Разговор тянулся необязательный, но полный тайных многозначительных намеков: знать, та, прыщеватая высоколобая девица, имела на парня виды и привлекала к себе вниманье. Степушку она не замечала, проникала сквозь траурно обведенными глазами, да и Милка отчего-то сникла, словно бы вовсе забыла о встрече, а он не напоминал более о себе, чуть отодвинулся, сзади рассматривая пепельно-седую копну волос, похожую на хитрое птичье гнездо. Казалось возможным снять его без усилий, и тогда голова останется беззащитно голой и ушастой...
Наворочают же такое, подумал с усмешкой, заметив в волосах сенную паутину. Как и спит только, на полене, что ли?
Два старика качались позади, и видно, громкий разговор разбередил их. Один – белобровый, сухонький и прямой, как гвоздочек, все пытался сбоку заглянуть рослому парню в глаза, с усильем выворачивая шею, а другой – рыхлый, с багровым отечным лицом, сидел на дерматиновой подушке, отвалясь, и подначивал соседа:
– Как же, воспитай нынешних. Вон волчище какой. Сам кого хошь воспитает.
– Раньше-то мы сызмальства к труду приставали, а ныне долдоны-то как... Уж детей пора ковать, а они все за партой. Деревья в лесу разные, не то люди. А чего, спрашивается, в науку толкать, если бестолочь? Бандитов и ростим...
– Балуем мы их...
– Сами виноваты, – настаивал белобровый, накаляясь.
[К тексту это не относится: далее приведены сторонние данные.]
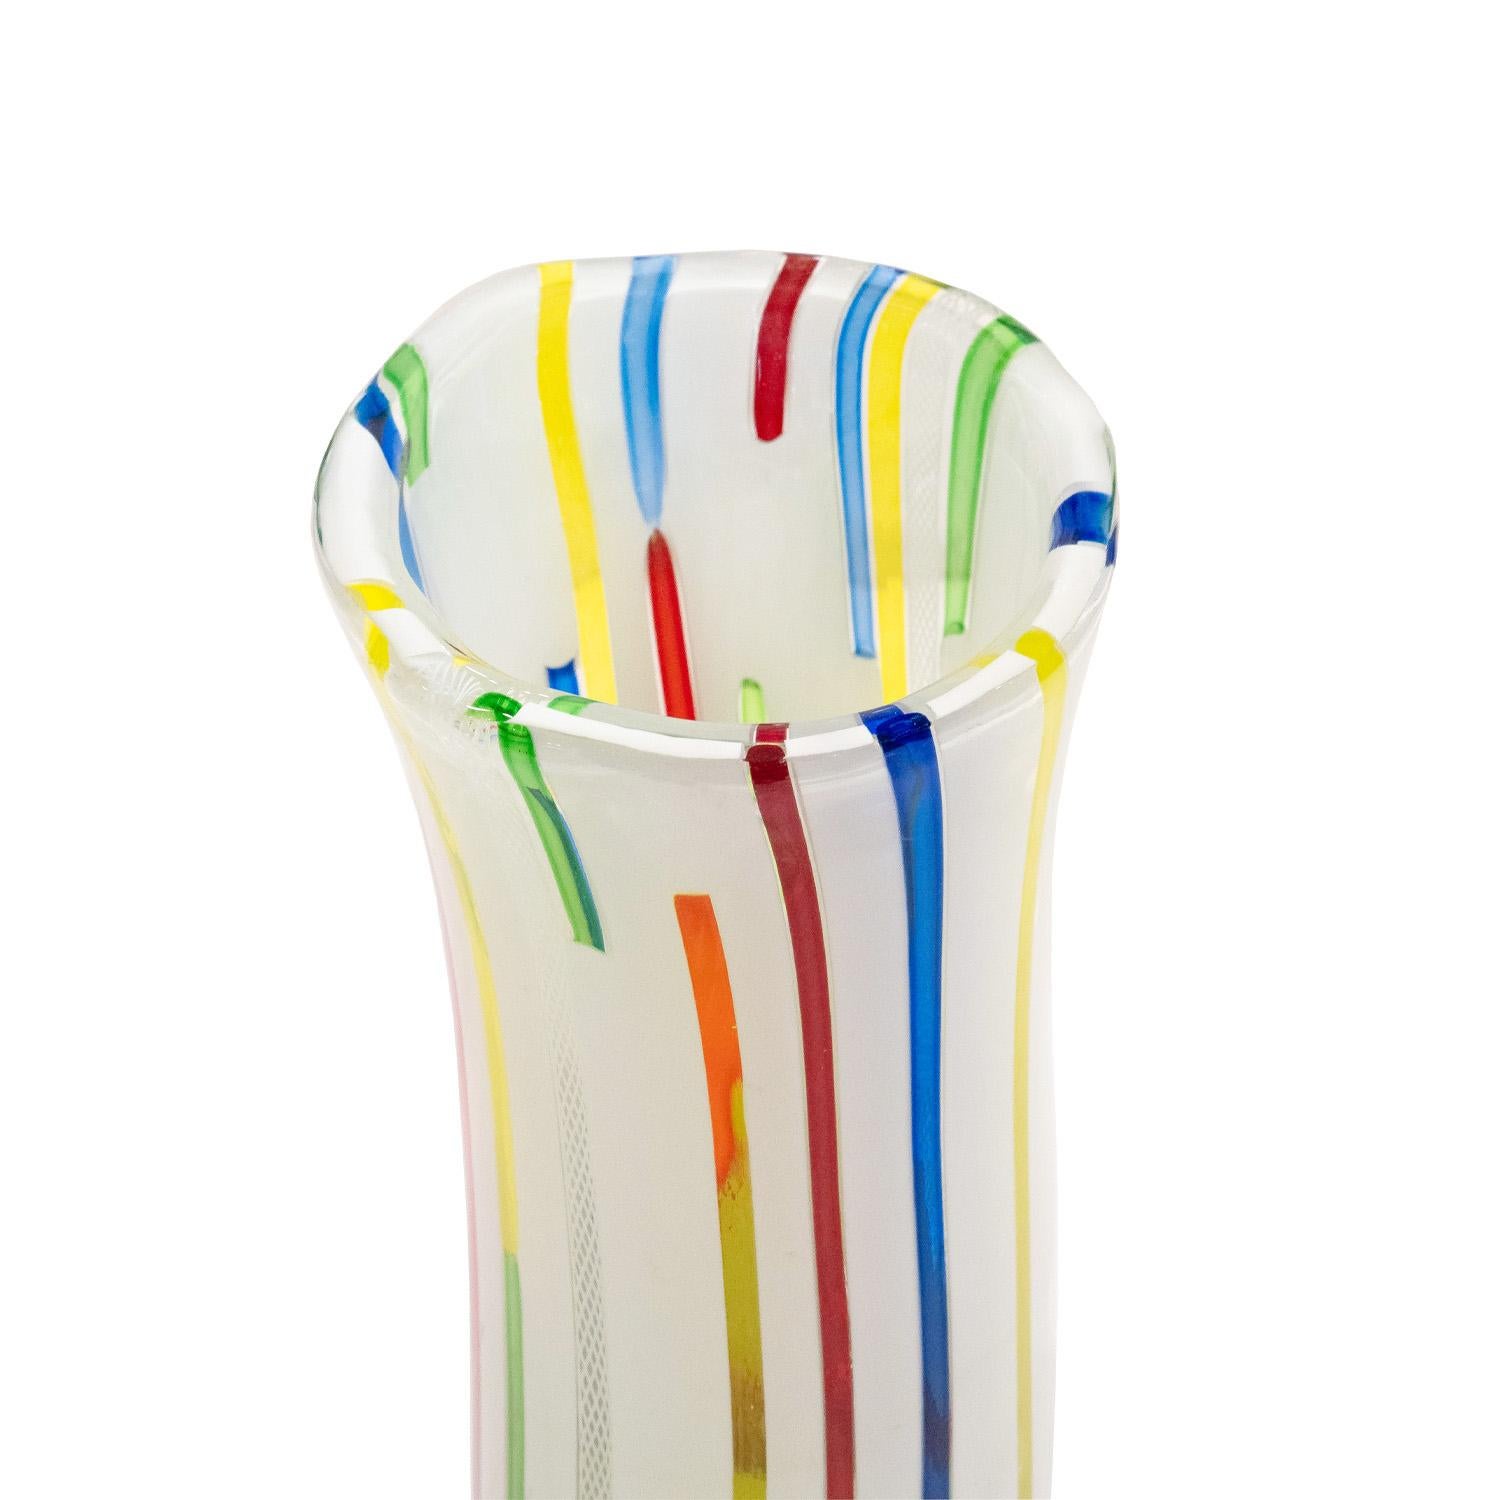 Mid-20th Century Anzolo Fuga Vase with Vertical Rods 1955-56 For Sale

– А чего виноватиться? Вон какой охламон, с ним управься поди. Даст в рожу – и умоешься, – упирался рыхлый с постоянной безмятежной улыбкой на лице. Но тот, гвоздочек, вдруг вскипел, ворсистую шляпу сбил на затылок, обнажил на распаренном лбу тройную багровую морщину, разделенную наискось белым корешком шрама: «Не... я еще могу раза дать. И с копыток долой». И не попрощался, суетливо засовался меж Степушкой и тем рослым откормленным парнем, оказавшись где-то под мышкой, поочередно пронзив взглядом каждого. Недавние столь угрозливые слова его показались такой наивной детской похвальбой, что Степушка невольно улыбнулся, по-доброму оглядывая шустрого старика. «Отбойный папаша, – веселея, подумал он. – Значит, раза даст, и с копыл долой. Шустряк». И, сам не зная отчего, вдруг напружинился, прогнул спину, вовсе загородил и без того узкий проход.
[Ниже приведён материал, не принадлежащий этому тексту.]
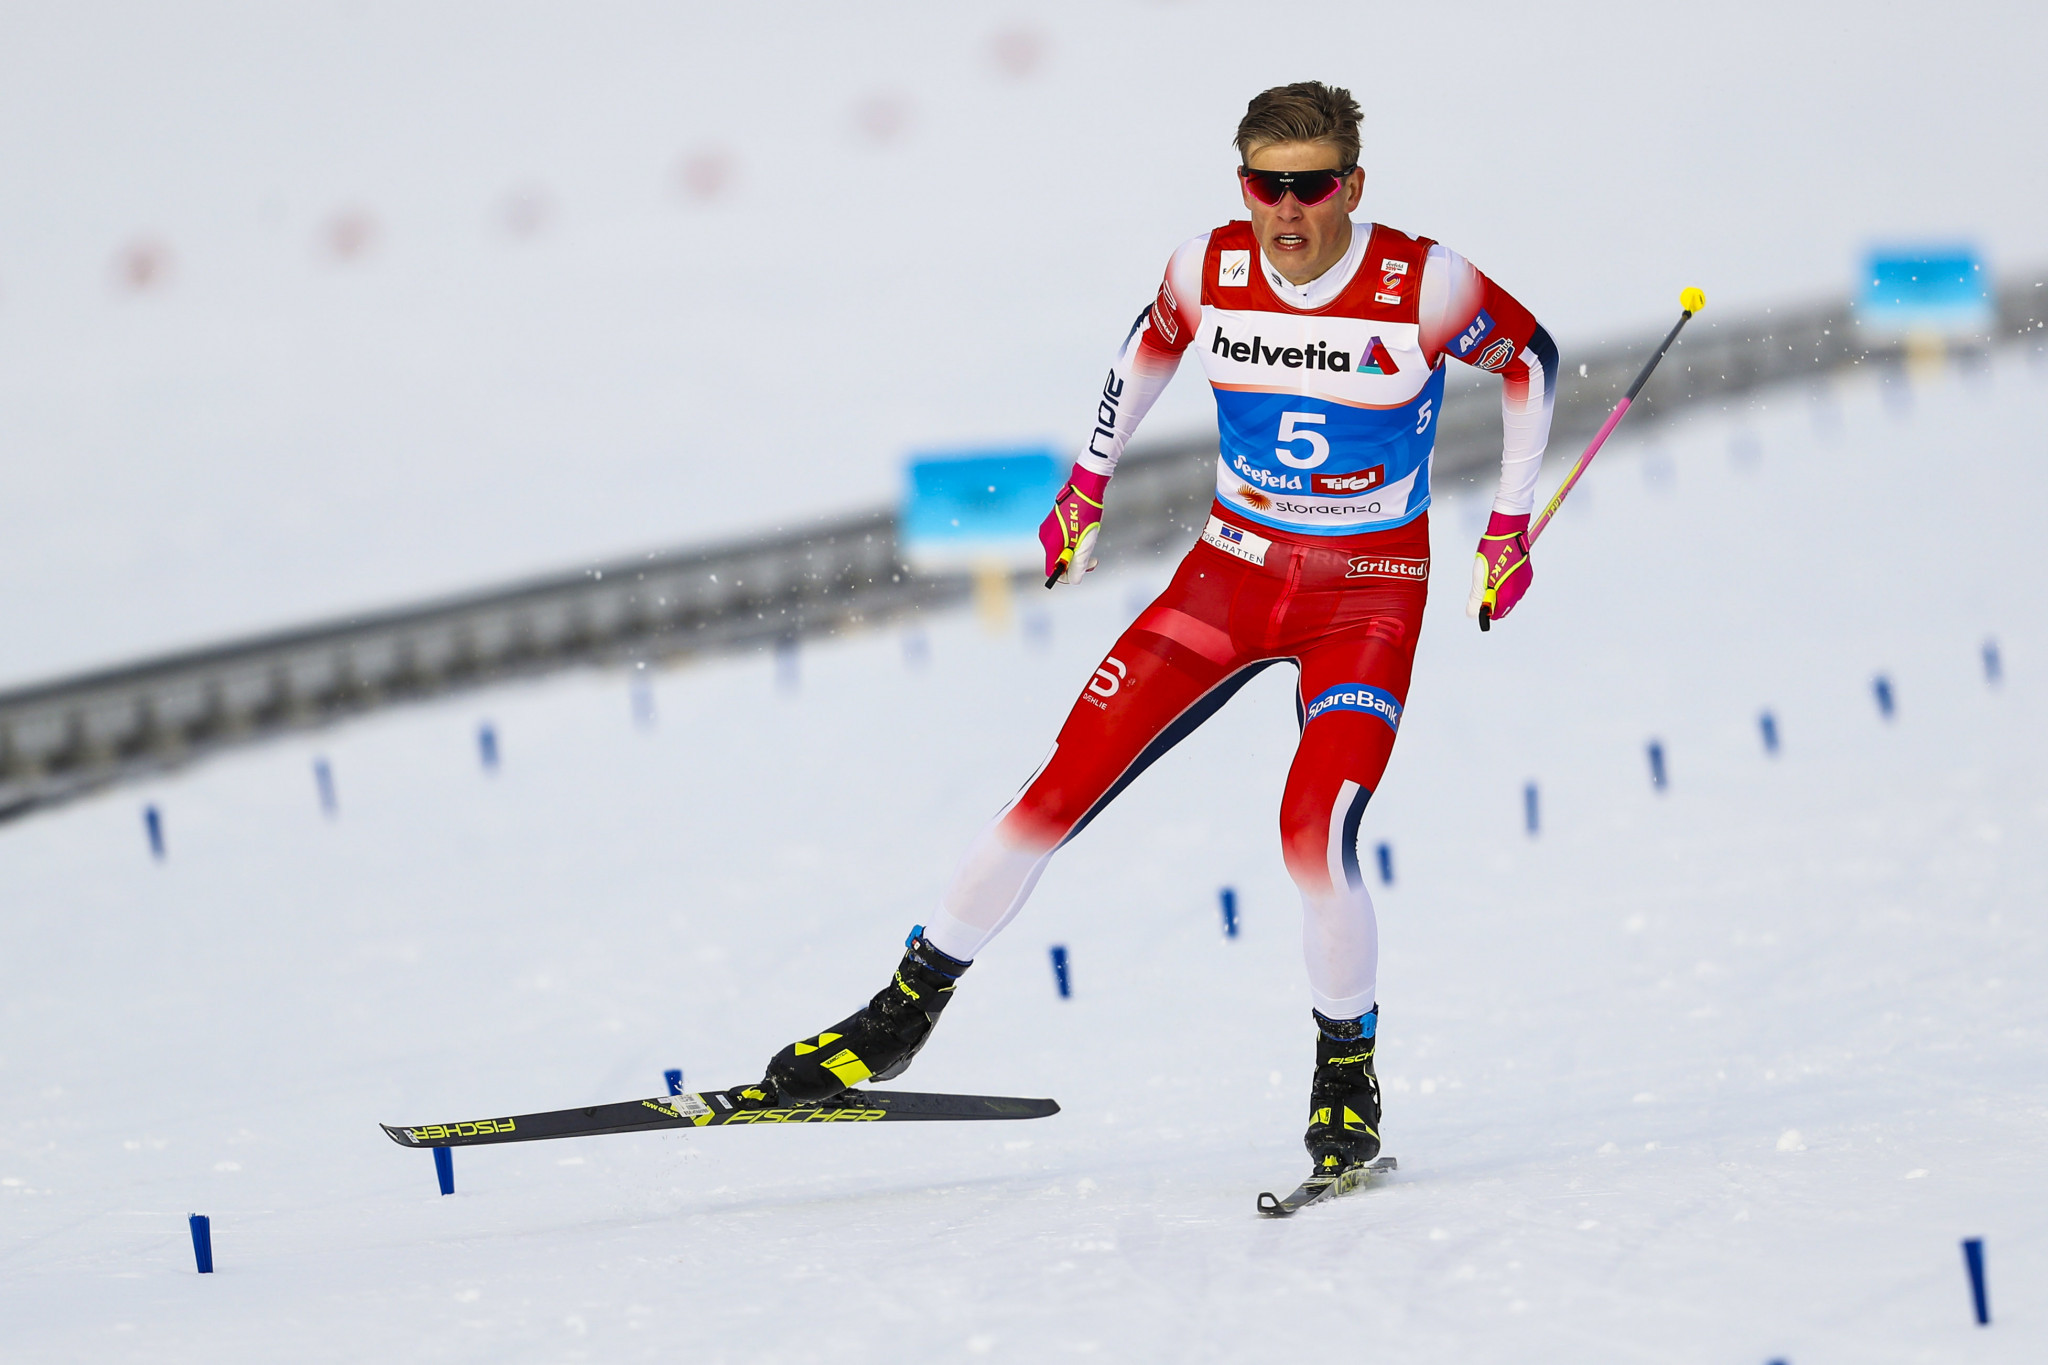 Norway gained their second gold when Johannes Hoesflot Klæbo continued his incredible form to win the men's race ©Getty Images

– Ты, слизень, – больно толкаясь локтем, вскричал старик.
Все повернулись в их сторону, и Степушка смутился:
– Ну чего, чего вопишь... Я же ненарошно. Режут, да?
– Я бы показал тебе кузькину мать, – бормотал старик, пробираясь на выход. – Жаль, остановка.
Последние слова больно ущемили Степушку. «Тюрьма, что ли? И не шевельнись. Назло я, да?.. Лезут в душу, распроязви их в печенку», – ворчал обиженно, с тоской проглядывая в окне серую городскую окраину, казарменный строй брусчатых домов, чахлое болотце позади, с редкой ревматически изогнутой сосной, по самую поясницу заваленной всяким житейским мусором. «Чего запехались, чего видят? Киснут посреди гнили», – вдруг с неведомым ранее презрением подумал он о людях, покидающих автобус. Себя он уже выселил из этих мест, забыл, как сам провеял три года на болотистом речном берегу, подчинившись заводу, его мерному накатному гуду, казарменному запаху общих коридоров и уборных, густо засыпанных хлоркой, и вот этим улочкам, которые десятилетиями заваживались опилками и потому ватно проминались под ногой, скрывая под собой бездонную болотную хлябь. Степушка словно бы забыл, что и ему пора выходить, и тупо разглядывал жидкий ручеек людей, осторожно льющийся по замшелым мосткам в две доски, невольно высматривая знакомых. «Наверное, первая смена отбарабанила».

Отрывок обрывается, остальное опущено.